One potential problem with basing teacher compensation in part on test scores is that it gives teachers an incentive not just to "teach to the test," but to game the test completely. Because of strict accountability measures imposed in Texas in the 1990s by then-Gov. George W. Bush and Rod Paige, the Houston school superintendent, test scores rose sharply. A few years later, after the governor had become the president and the superintendent had become the federal secretary of education, the Dallas Morning News , in a series of investigative articles , revealed that at least part of those test-score gains were due to widespread cheating by teachers and administrators.
I don't want to overstate the prevalence or the impact of cheating on standardized tests—I think accountability measures are crucial, and I believe a well-run school system can find ways to all but eliminate cheating. But still, I thought I should share this story, which a reader of this blog, a young teacher in the New York City public schools, e-mailed to me recently:
I'm writing in response to your column on paying teachers more money for raising their students' test scores from the year before. When I first heard this proposal, a couple of years ago, I was excited. That should be a decent measure of a teacher's efficacy, I thought.
Until I got my class last year. As sixth graders, they were all new to my school and came from different elementary schools. And when it came to the test, every single one of them, without fail, had the same story.
During our first standardized test of the year, many hands went in the air. I shook my head at them, because according to the rules, I'm not allowed to talk to them during a test. They were outraged. "Why can't you help us?" they asked.
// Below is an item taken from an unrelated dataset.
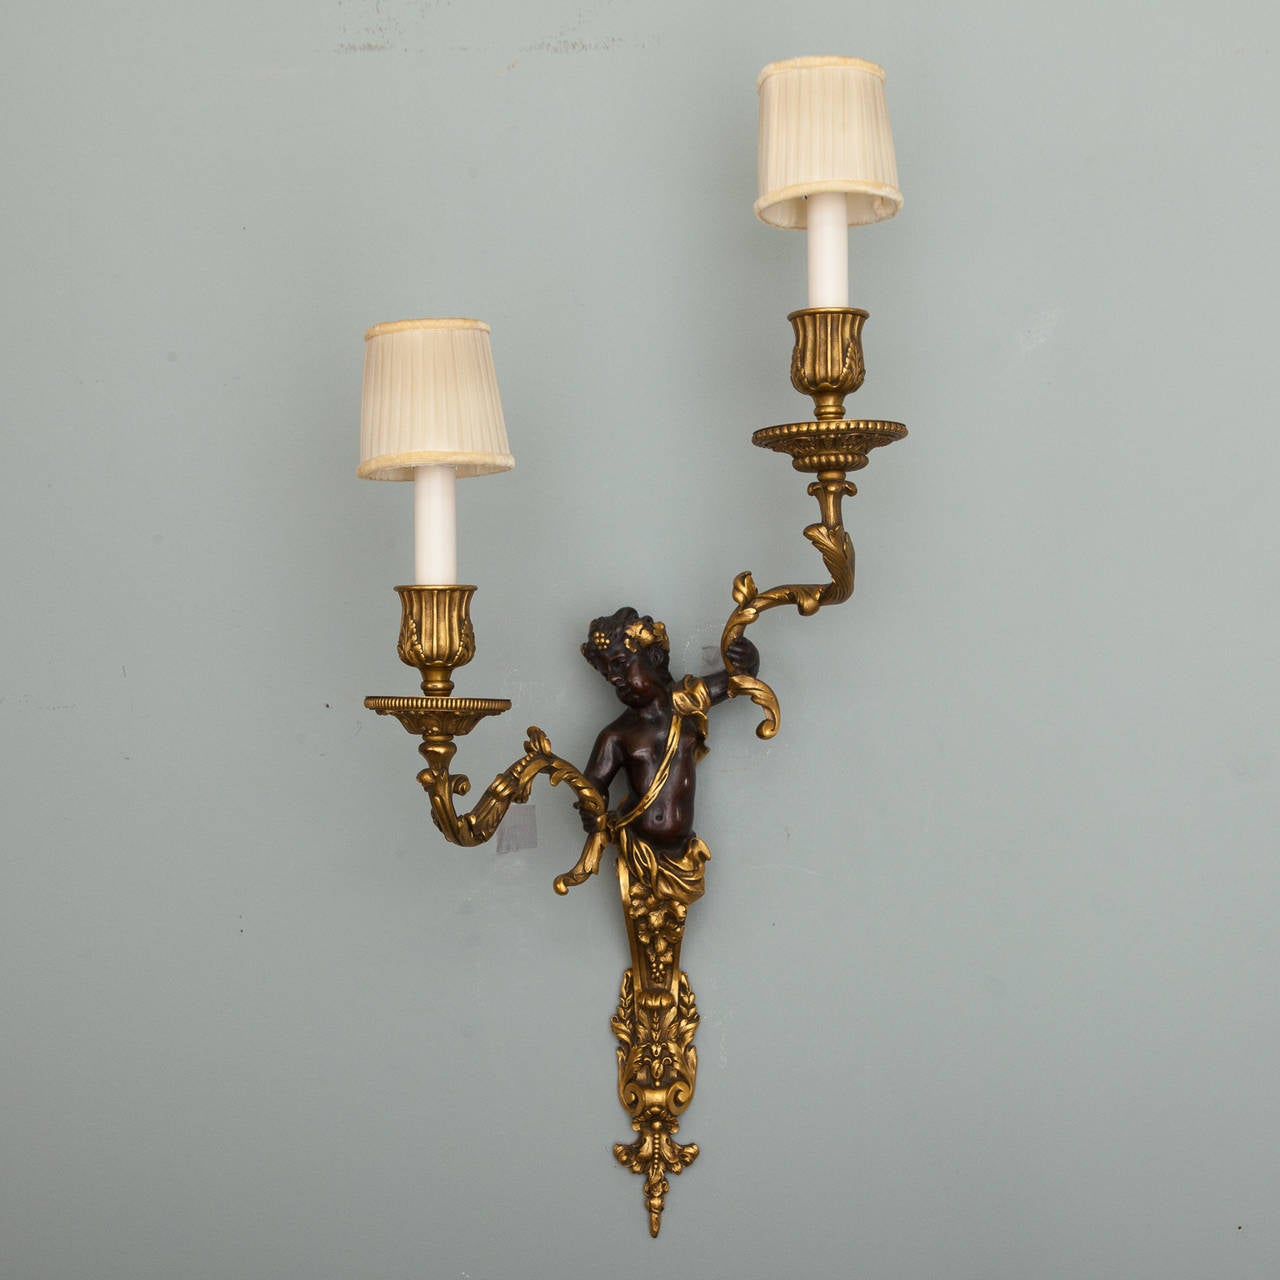 Circa 1900 pair of European bronze sconces with dark bronze puti and gilded bronze candle arms. New wiring for US electrical standards.
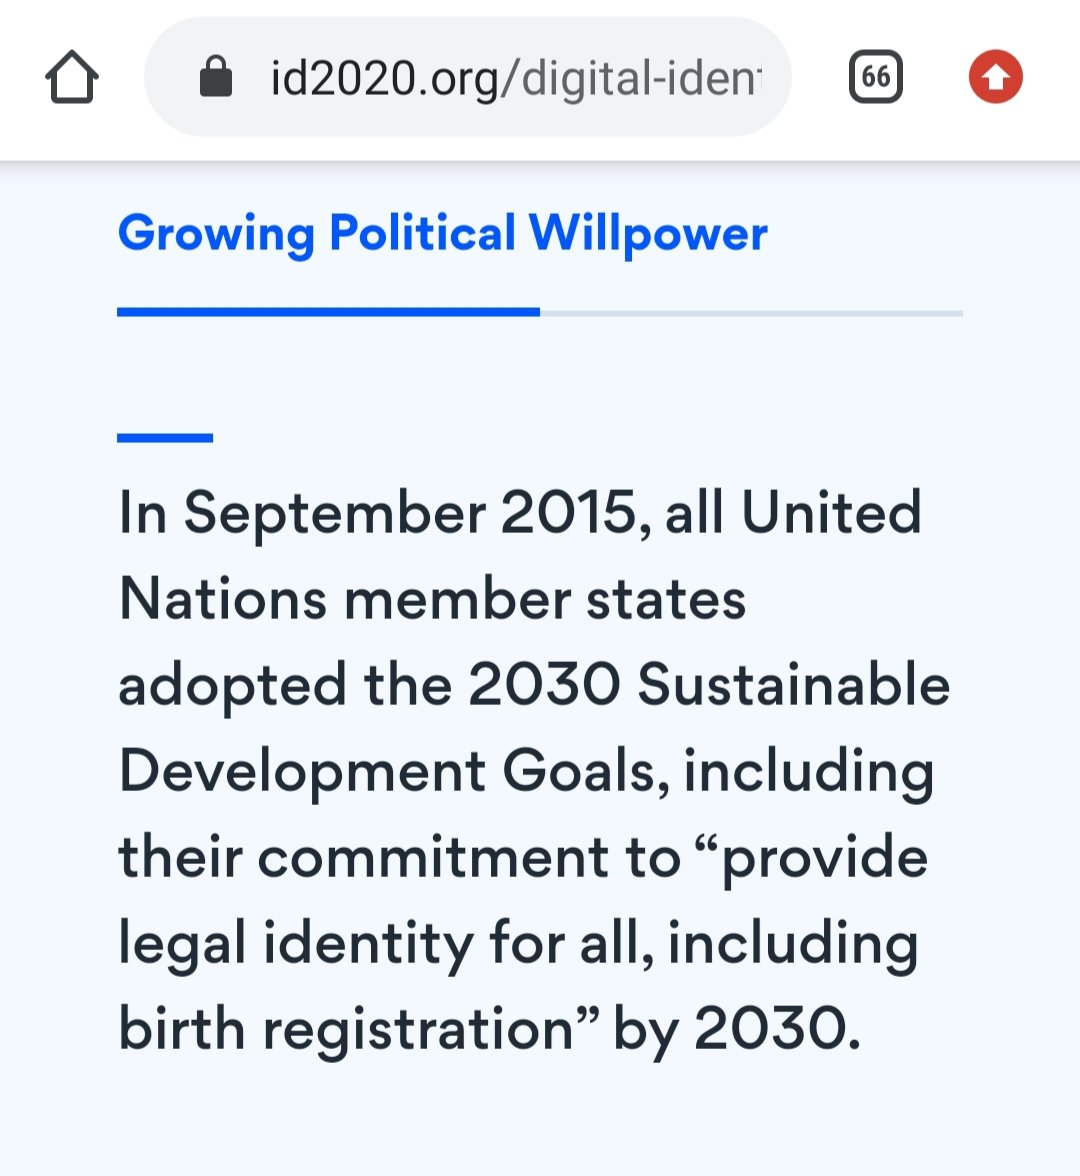 207) ID2020 is working towards fulfilling the UN's SDG's as well.

We had a class discussion after the exam was over. Every single one of them had received help on state standardized tests in their old school. For some of them, the teacher would explain the questions when they didn't understand something. Several students had teachers give them the correct answer. One of my students saw a teacher sit down with another student's test, erase all of his answers, and write all new ones in.
If there are bonuses tied to test scores, even more cheating will take place. What can school districts do to ensure this doesn't happen?
It's a good question, without a simple answer. I do think school systems have the tools to stop cheating. But it's hard to do without first acknowledging that it's a problem. And superintendents (and mayors) have the same accountability pressures that principals and teachers and students do. Whatever level of the bureaucracy you inhabit, when your success depends on rising scores, it's hard to take steps that will serve only to lower those scores—whether that means blowing the whistle on a fellow teacher or launching an investigation of the whole system.